In a video published in January this year, The School of Life (founded by philosopher Alain de Botton) argues that aesthetically appealing cities are particularly desirable – and that ugly buildings and cityscapes pose a danger to quality of life. They’re not wrong; a number of studies support the idea that, in addition to its conditions, the design of a city correlates strongly with the happiness of its residents.
‘Compactness, with well-designed squares and public spaces, is also said to add to a city’s feelgood factor. A higher density residential environment, incorporating all the required infrastructure facilities and amenities, encourages social interaction, as well as walking and cycling’ – activities proven to be beneficial to wellbeing.
The late Libby Burton, Professor of Sustainable Building Design and Wellbeing, also noted a range of factors that contribute to city-dwellers’ happiness. Among them are the observations that, along with good sound insulation, urban homes and spaces should include as much greenery as possible, as “Natural elements in the built environment help people recover from stress and mental fatigue and generally lift their mood.”
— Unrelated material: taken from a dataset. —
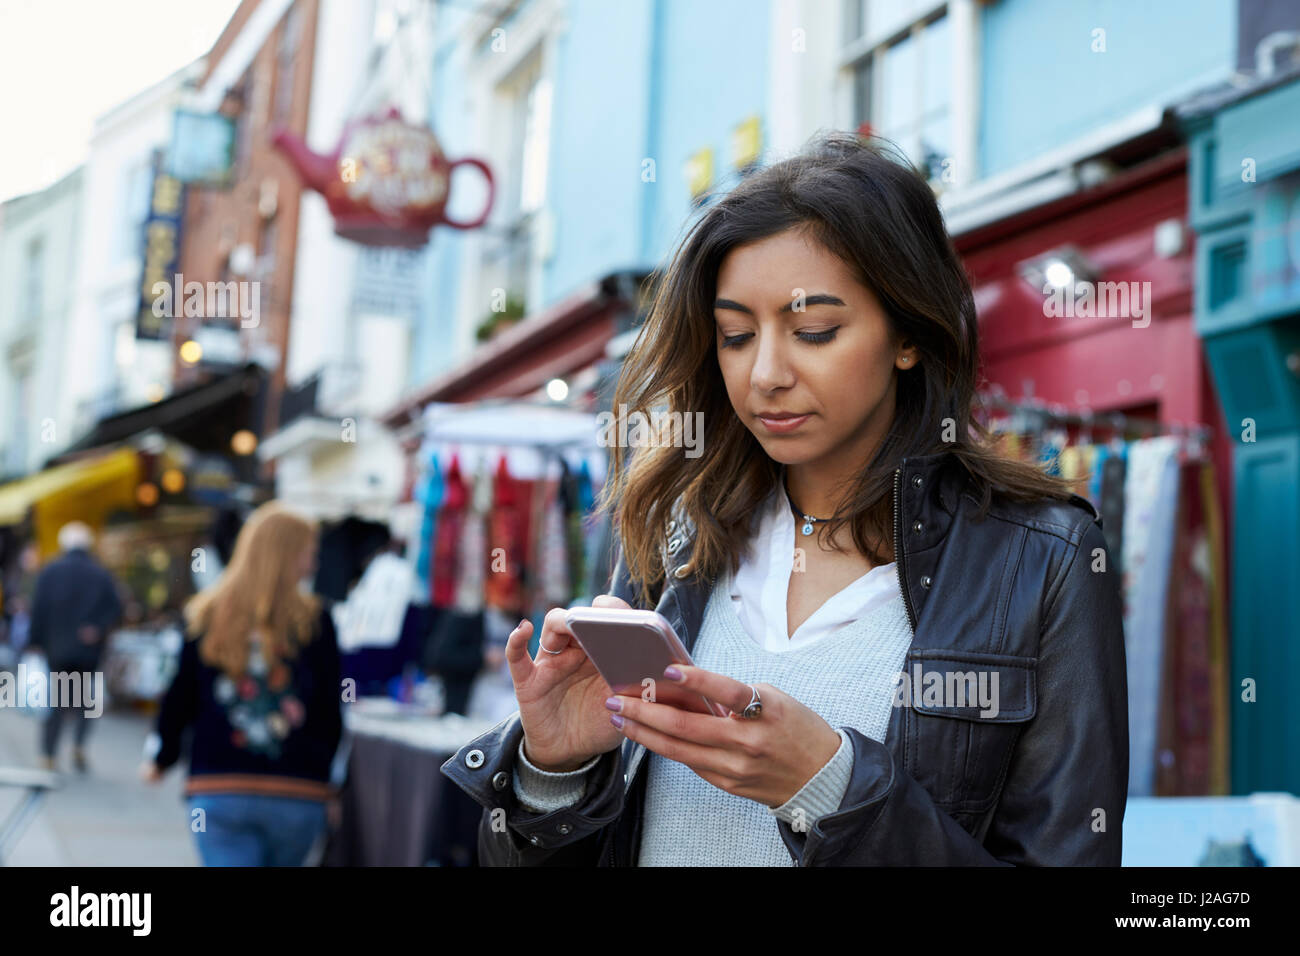 Young woman using phone in Portobello Road market, close up Stock Photo

As a Londoner lucky enough to have experienced living well in Japan, I wholeheartedly agree that Tokyo is hard to beat. A lot cheaper and greener than some might think, with ridiculously convenient convenience stores, the Japanese capital rightly deserves its spot at the top of the world’s most liveable city list. As Monocle says, “Tokyo manages to do something no other global metropolis can: provide a great quality of life for those who live there and also visit. From culture to security, food to courtesy, it has everything covered – “London and New York, take note.”